Inside Kubernetes The 2026 Architecture Breakdown

Architectural Foundations and the Modern Enterprise Paradigm

Kubernetes (K8s) was introduced by Google in 2014, building on its internal Borg cluster management system. In 2015, Kubernetes was contributed to the Cloud Native Computing Foundation, establishing a vendor-neutral ecosystem that now supports global infrastructure at organizations such as Netflix, Spotify, and Shopify.

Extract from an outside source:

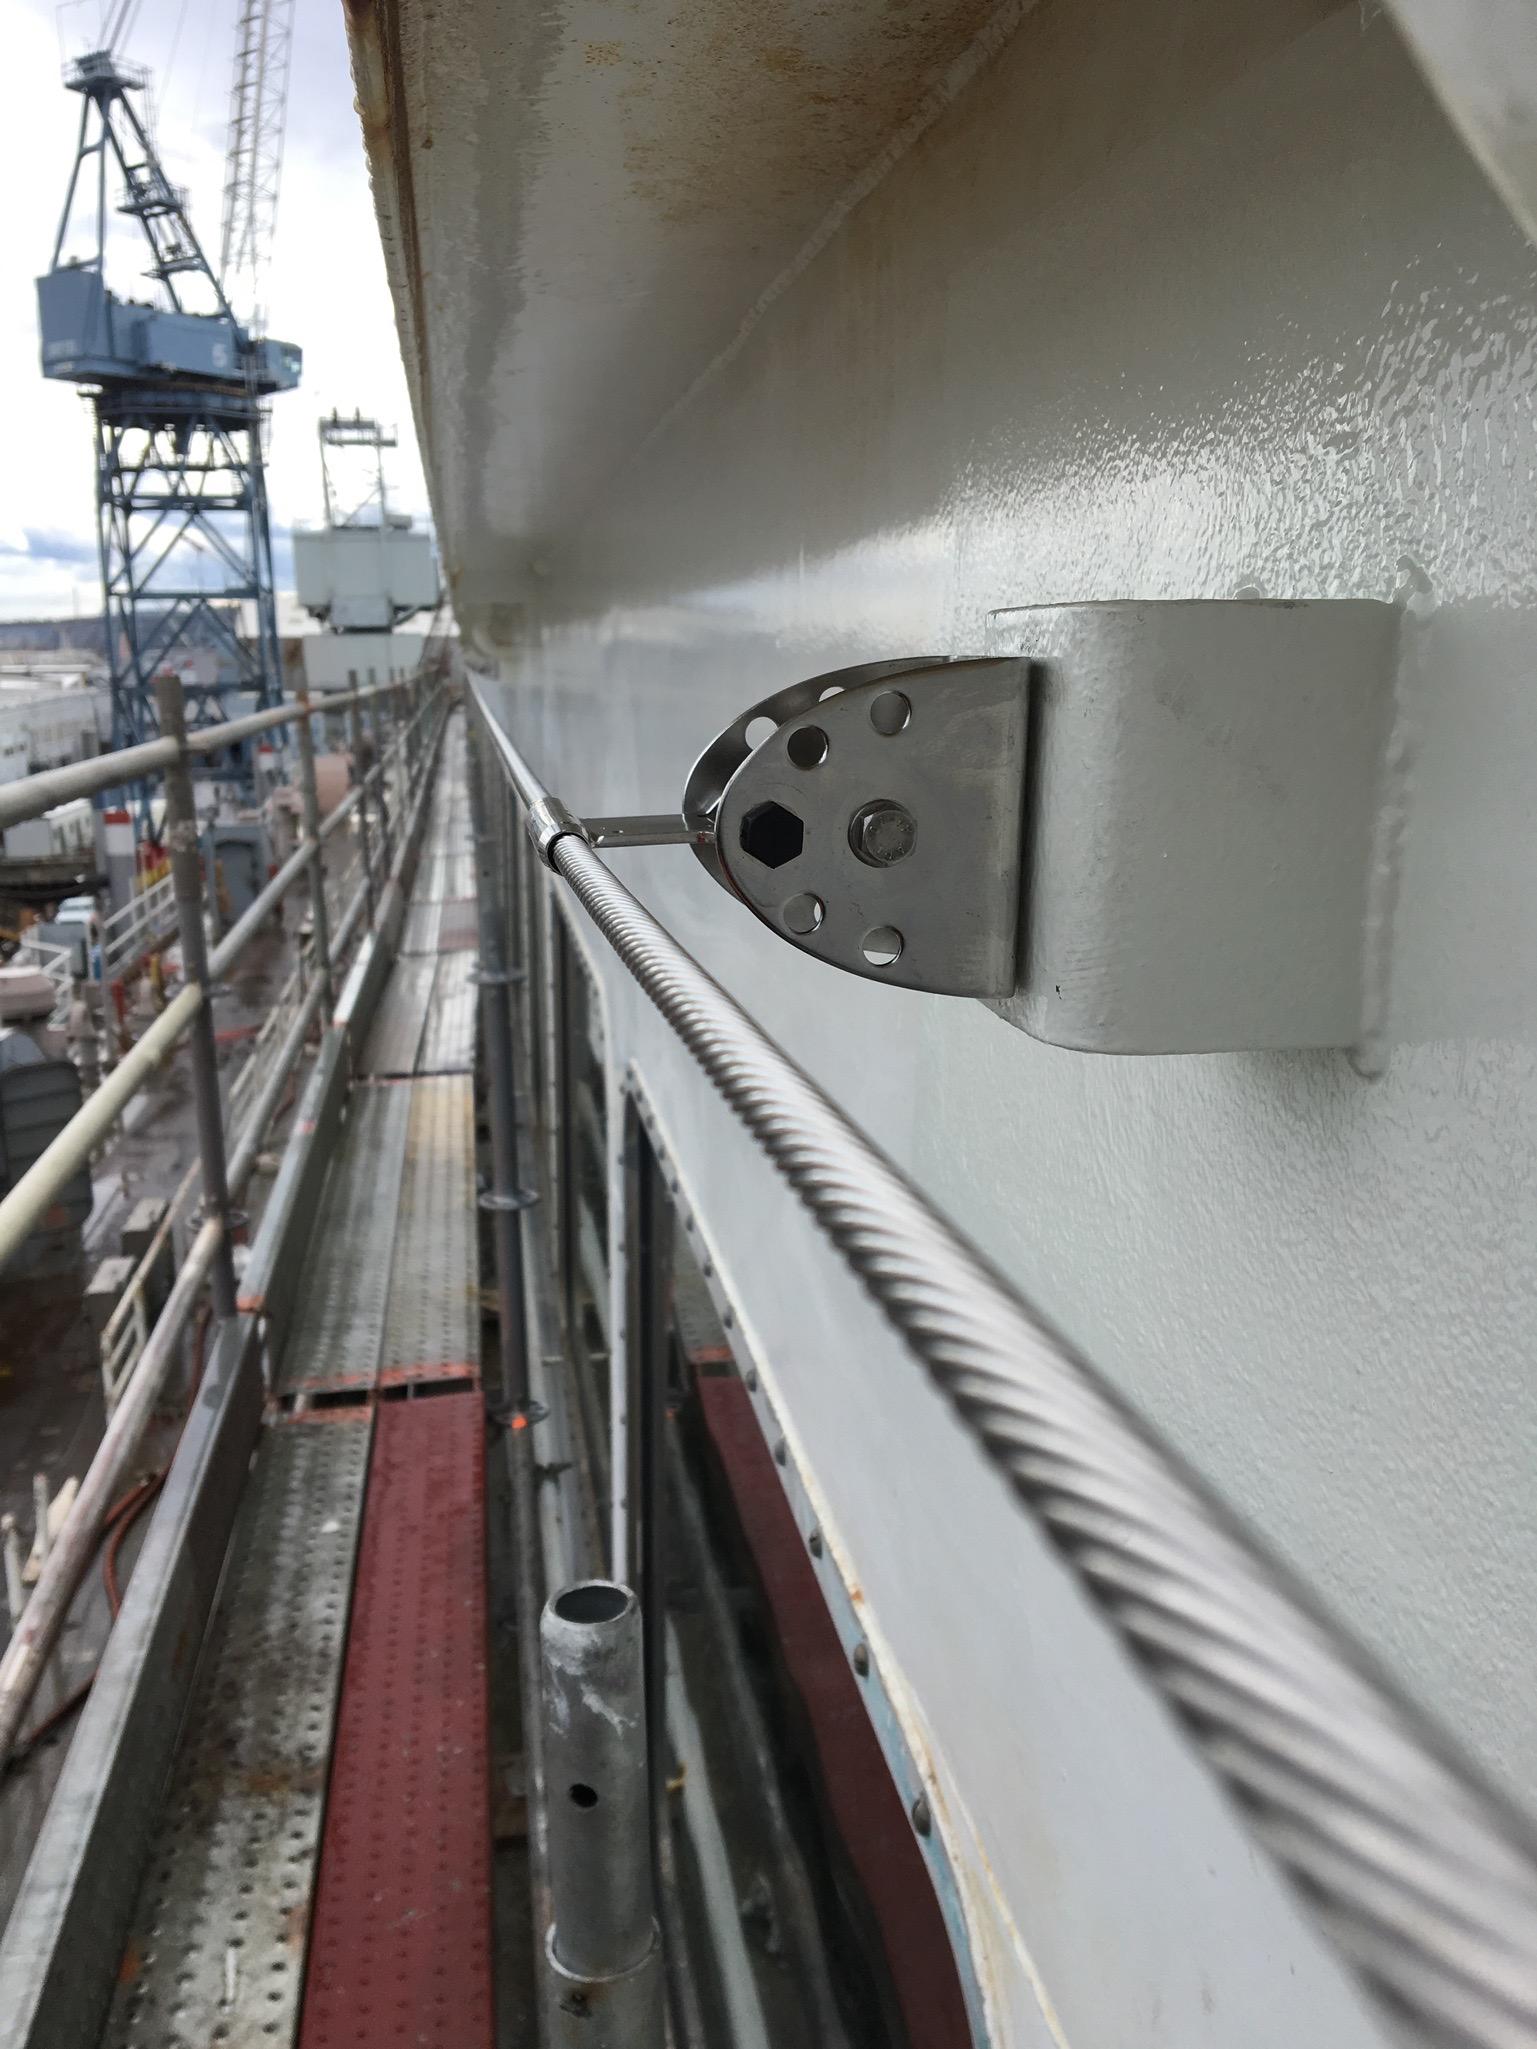 Horizontal lifeline on ferry boat for window washers

The platform addresses a core operational challenge: managing large numbers of containers across distributed environments introduces significant complexity when handled manually. Kubernetes replaces this with a declarative, self-healing model. Engineers define the desired system state using YAML manifests, and Kubernetes continuously reconciles the actual state to match it—automating scheduling, failure recovery, scaling, and application rollouts.

According to the CNCF’s 2025 Annual Survey, Kubernetes adoption continues to grow, with 82% of container users running it in production (up from 66% in 2023). Additionally, 66% of organizations deploying generative AI models rely on Kubernetes to manage inference workloads. The platform has also expanded to support heterogeneous environments: KubeVirt enables management of virtual machines alongside containers, while K3s provides a streamlined option for edge and resource-constrained deployments.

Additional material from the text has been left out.